Concept by Julia Gorokhova

This piece was done as part of my free class at Gnomon in Jon Arellano's Environment for Games class. Interior environments have been my comfort zone for the longest time and I decided to break that trend for once by creating an exterior piece in Unreal. The original concept was a ethnofuturism piece by Julia Gorokhova on Artstation. This class helped me gain a lot of insight into how environment creation is done in actual industrial pipelines and I learned a few new techniques to help me create works in the future, including my first use of trim sheets for the floor, if you can believe it. One other thing I learned in Jon's class was how to optimize space by minimizing the use of high resolution textures and utilizing tiling textures together with texel density control in order to get as much detail with the minimal amount of resources.

FLYBY

BREAKDOWN

Kits and props

Unlike older pieces I've done, this scene has a lot of modularity and thus kit pieces were essential for its construction. Some of the kit pieces were reused for other parts of environment such as the building in the background being constructed out of the metal boxes on the upper level right above the door.

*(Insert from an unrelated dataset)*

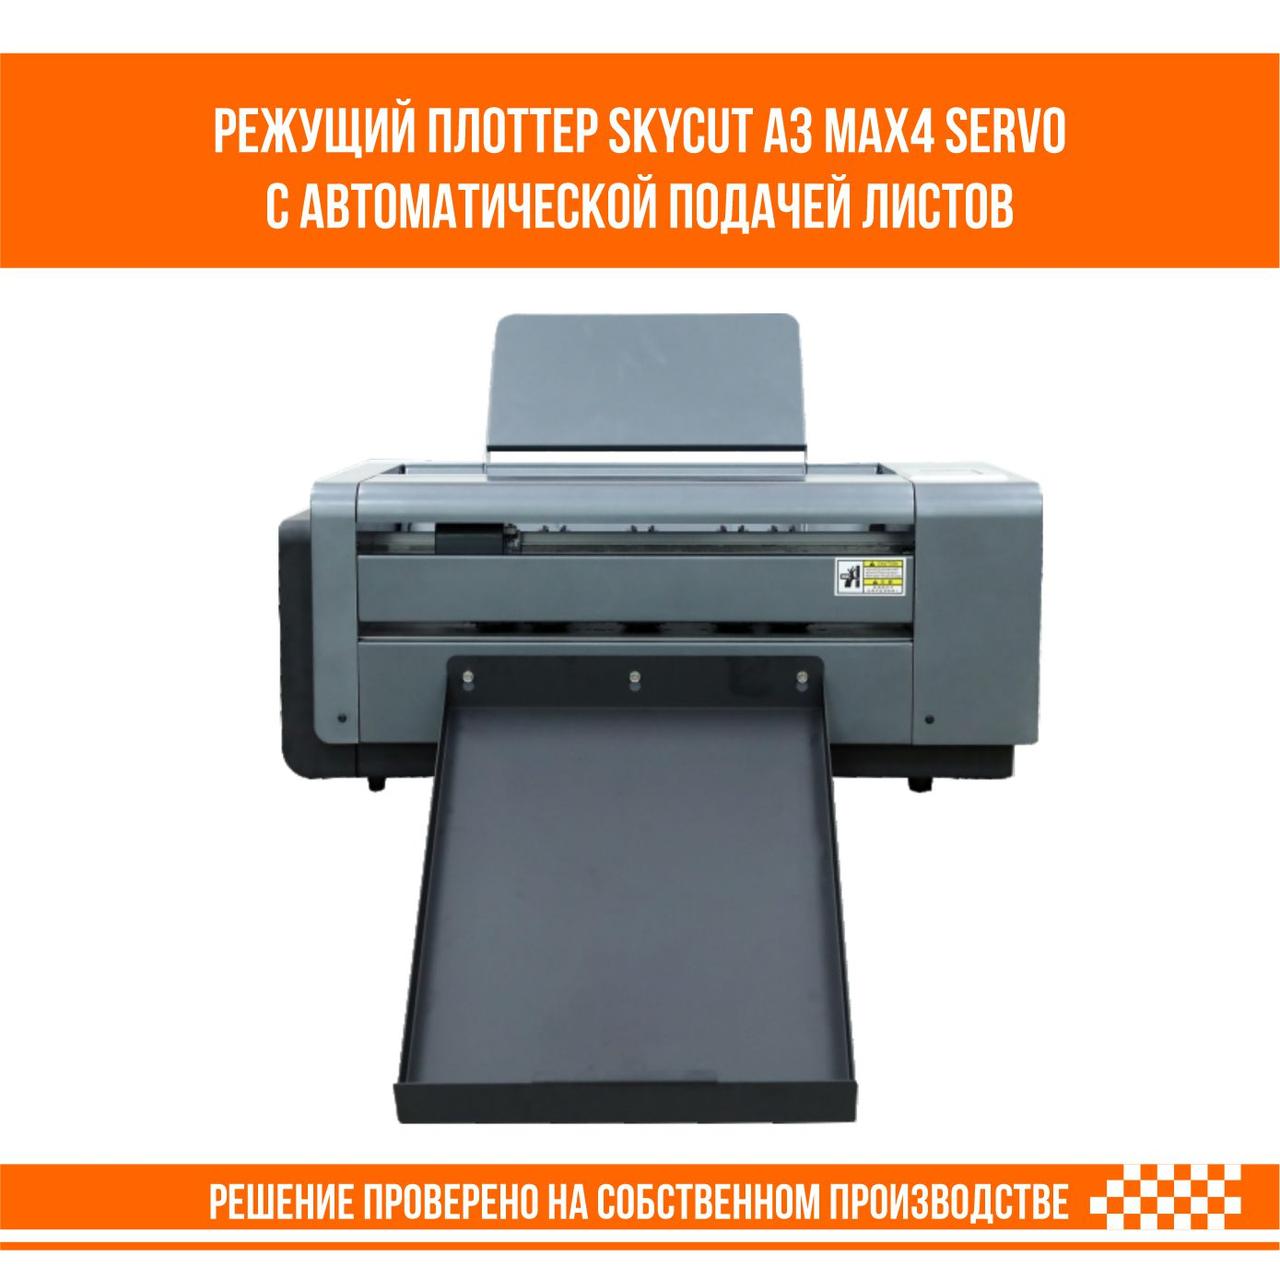 Режущий плоттер SkyCut A3 MAX4 SERVO с автоматической подачей листов формат SRА3
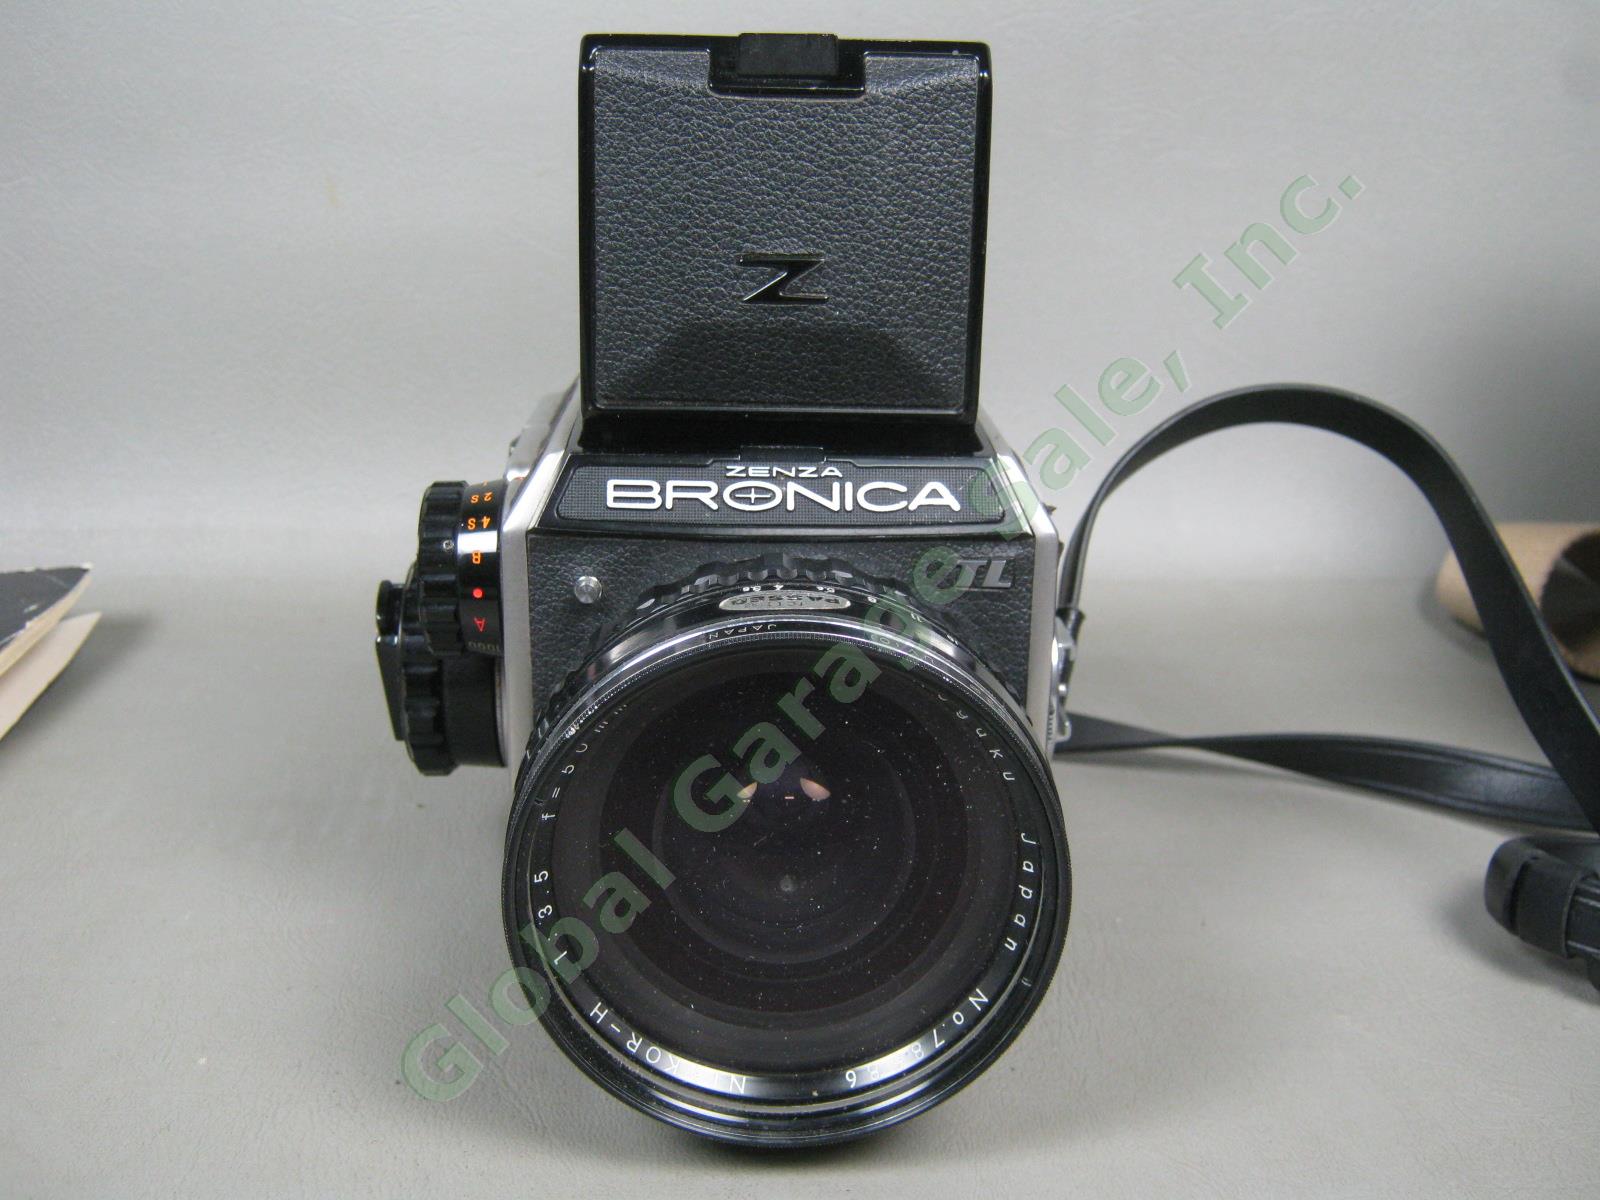 Zenza Bronica EC-TL Camera Nippon Kogaku Nikkor-H 50mm 1:3.5 f/3.5 Lens Bundle 2

The foliage and a couple of the props(the soccer ball and shipping crate) used in this scene were integrated in Unreal through Bridge.

Kits

Kits.png

Props

RGB Masks

One of the new techniques I've learned in Jon's class is the use of RGB masks in Painter to create on the fly changes to materials by layering different types of materials to different color channels. I was initially going to use this technique on the door hero prop, but unfortunately due to the number of materials on the door, my attempts at utilizing this method caused Unreal to crash due to it not being able to handle so many textures at once. As shown in the Material Graph at the bottom, each of the different masks for dirt or rust and whatnot are mapped in the RGB channels of the mask textures. Then each Material Function is assigned to one of the three channels above the base material in order to create a modular material that can be iterated on quickly.

RGB Masks in-game

Multi-layered material setup

Vertex Painting

While not a new technique for me per se, I've never really used vertex painting much prior and I usually have material layering done solely in Painter. To be fair, vertex painting can get a bit finnicky in Unreal and I had to increase the subdivisions of the floor in order to accommodate even the bare minimum amount of painting resolution. For the moss patches in this environment, those closer to the camera actually were mesh skirts made in ZBrush and decimated with a moss texture and alpha added to the decimated mesh. The moss patches further from the camera are vertex painted with the height map of the floor's trim sheet being used as a guide.